■ **Activity**: Copy down every line of the data that follows exactly. Omit the pictures.

■ **Given data**:
***

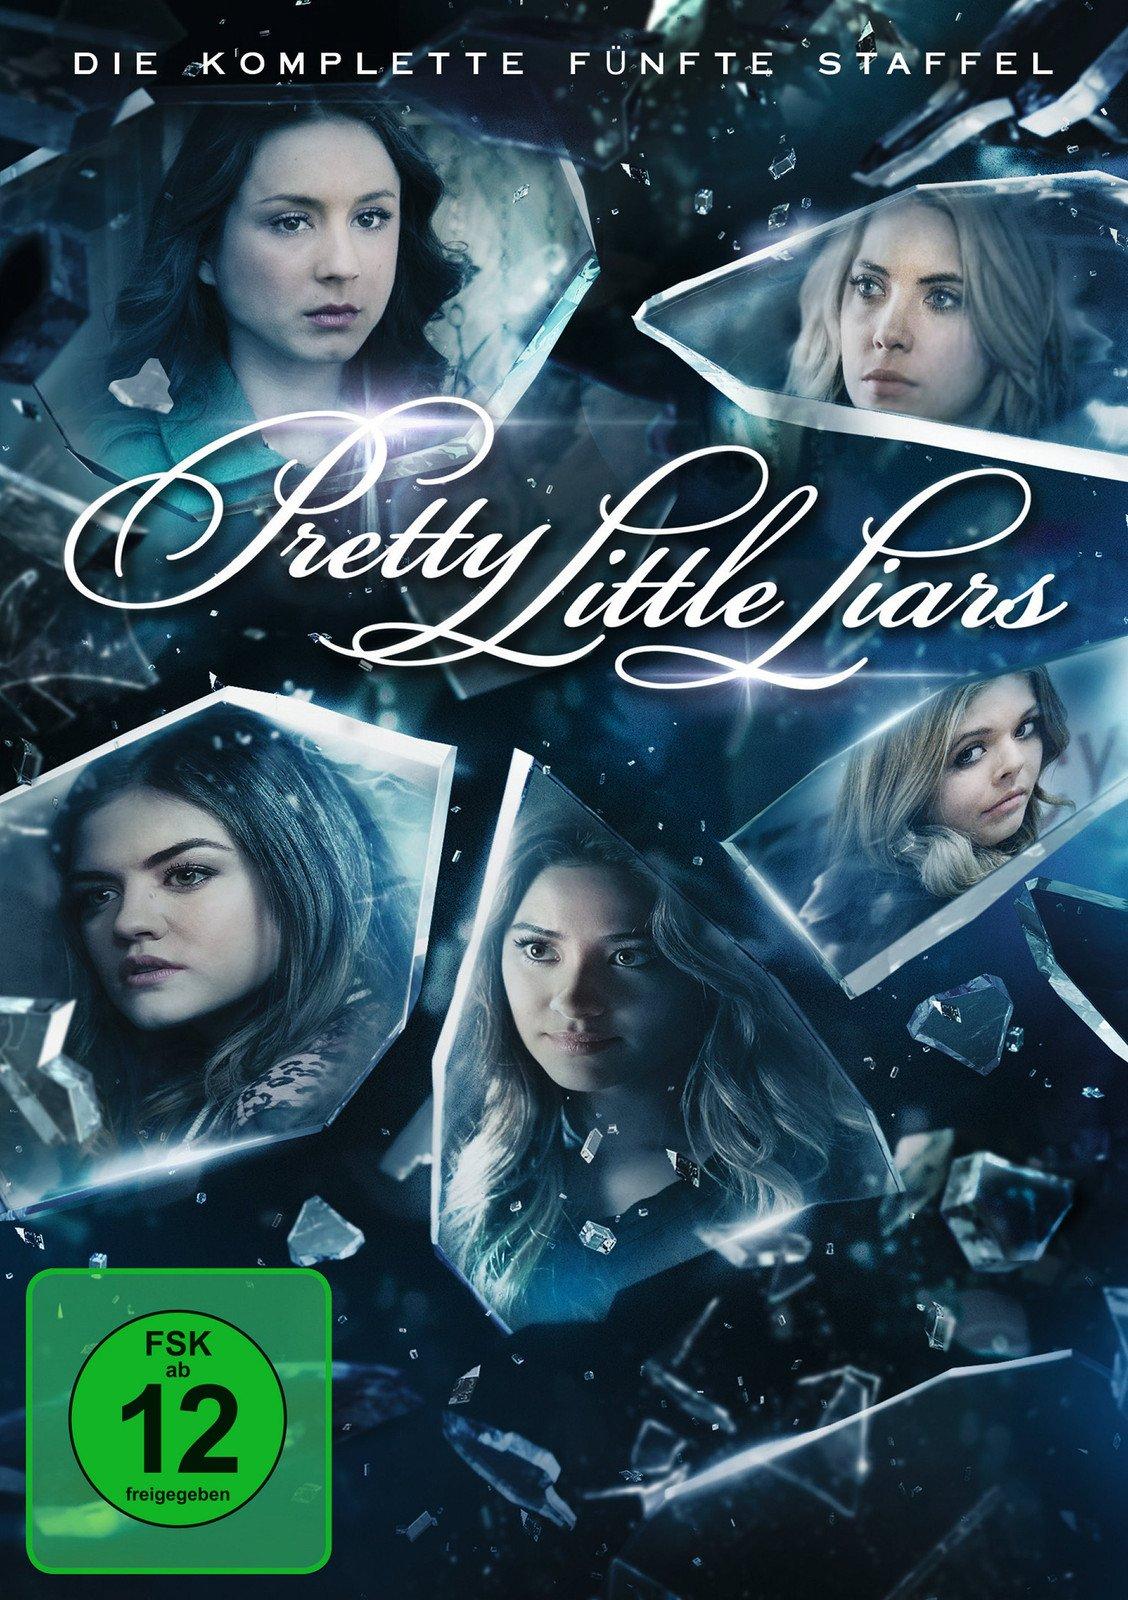 pretty little liars staffel 1 folge 5
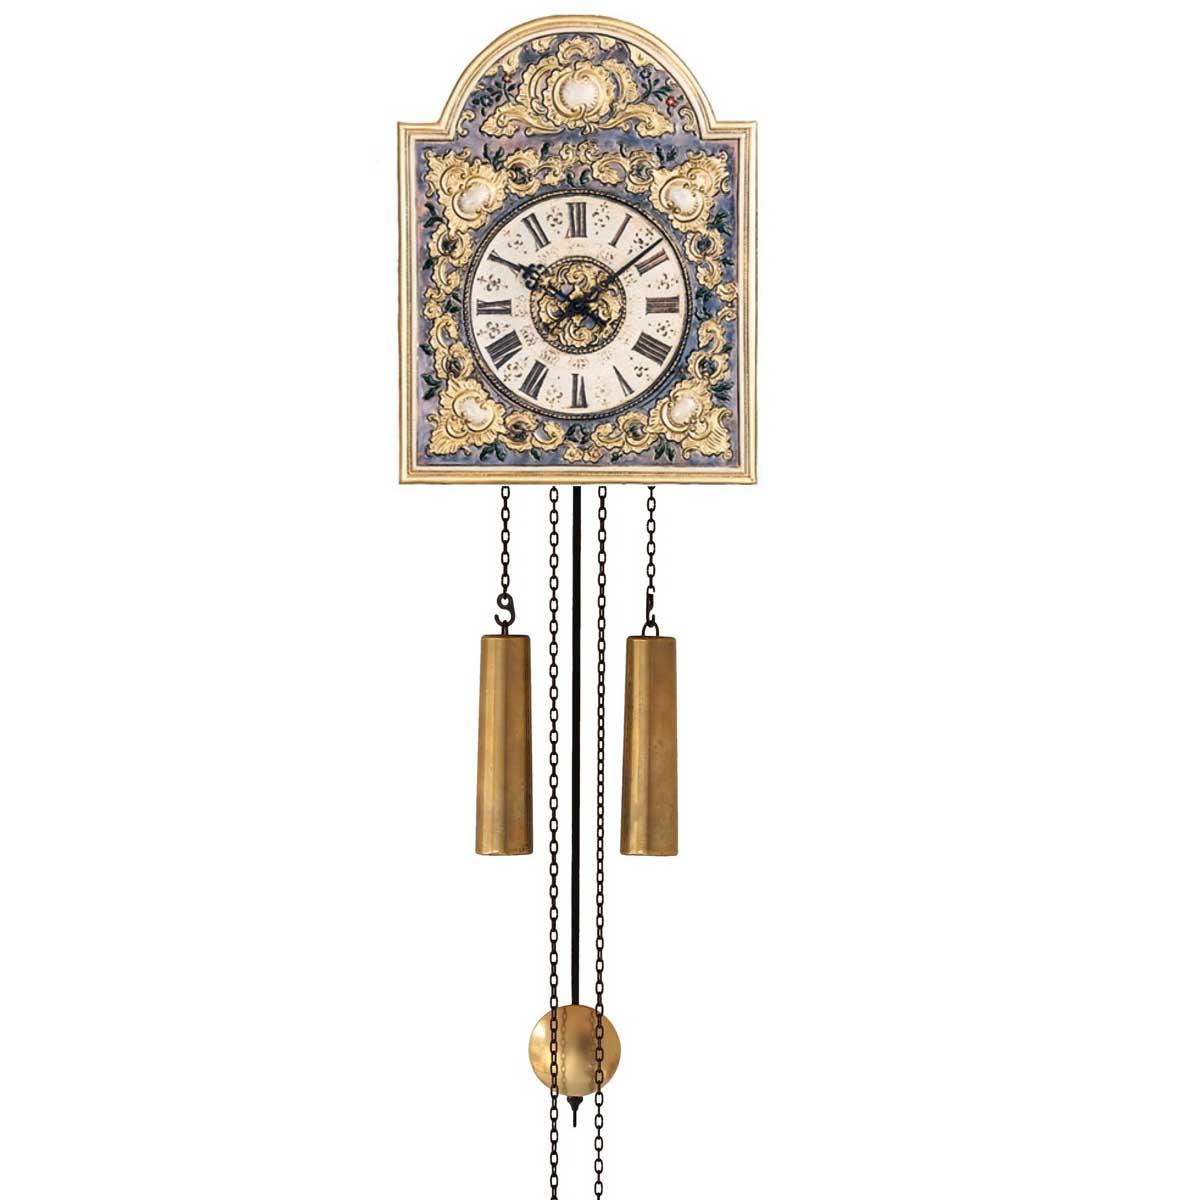 WU59 Traditional Wall Clock
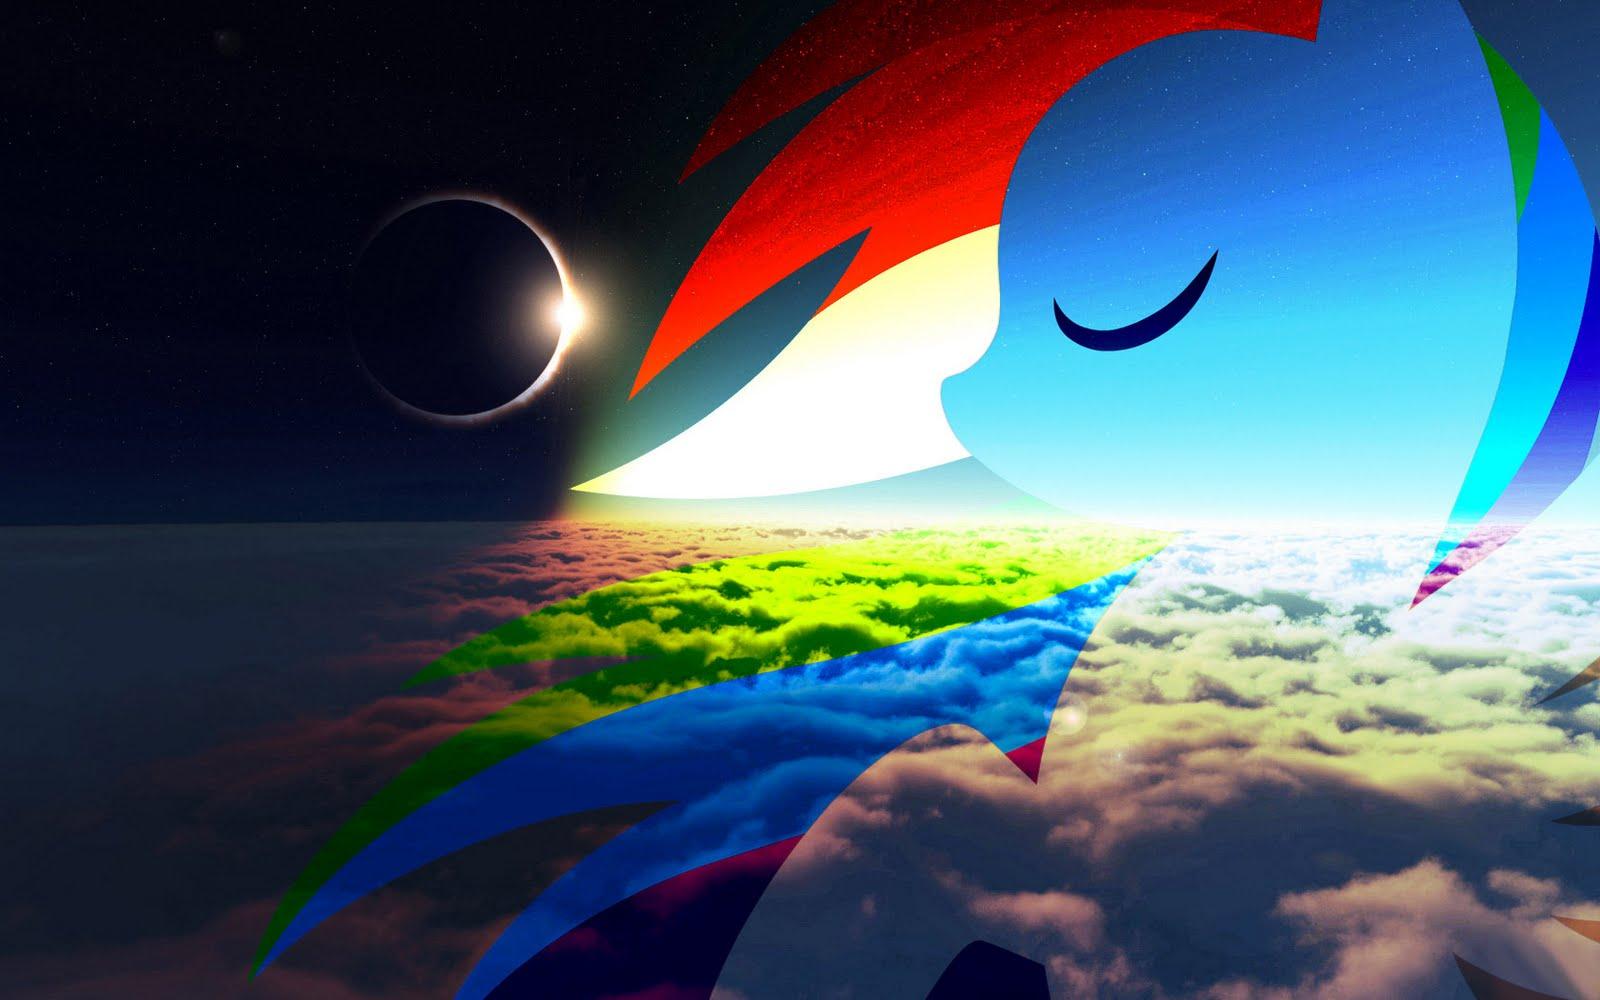 http://3.bp.blogspot.com/-MIdtwvQ4QHg/TiuVjiWDZcI/AAAAAAAABB4/Cokoad3G_7U/s1600/35013%2B-%2Bclear%2Brainbow_dash%2Bsky%2Bwallpaper.jpg
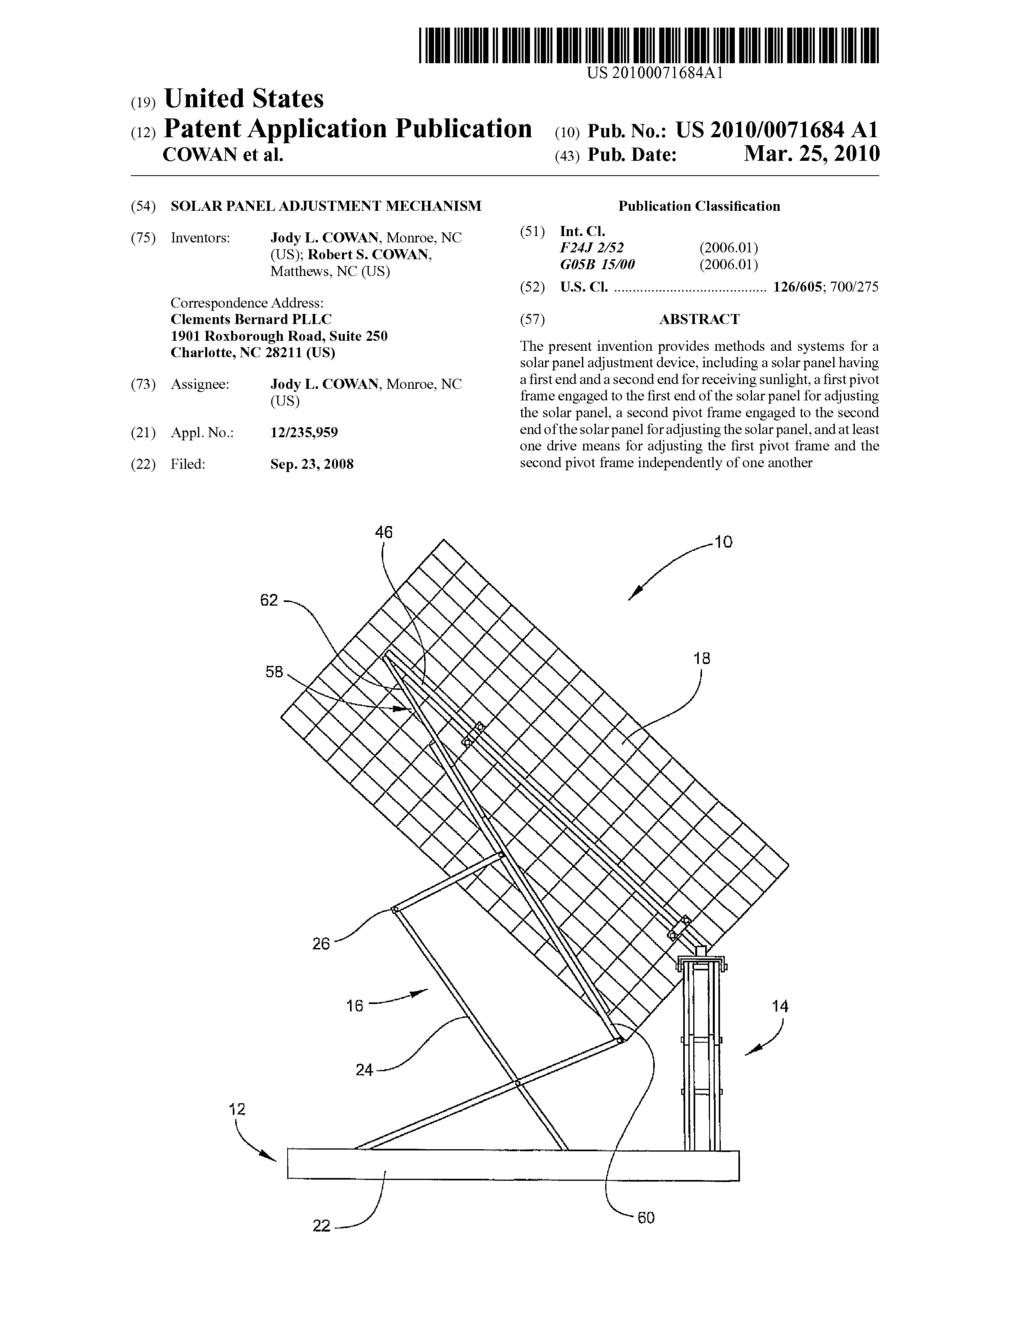 Solar Panel Adjustment Mechanism Diagram Schematic And Image 01

***

■ **Written solution**:
 pretty little liars staffel 1 folge 5
 WU59 Traditional Wall Clock
 http://3.bp.blogspot.com/-MIdtwvQ4QHg/TiuVjiWDZcI/AAAAAAAABB4/Cokoad3G_7U/s1600/35013%2B-%2Bclear%2Brainbow_dash%2Bsky%2Bwallpaper.jpg
 Solar Panel Adjustment Mechanism Diagram Schematic And Image 01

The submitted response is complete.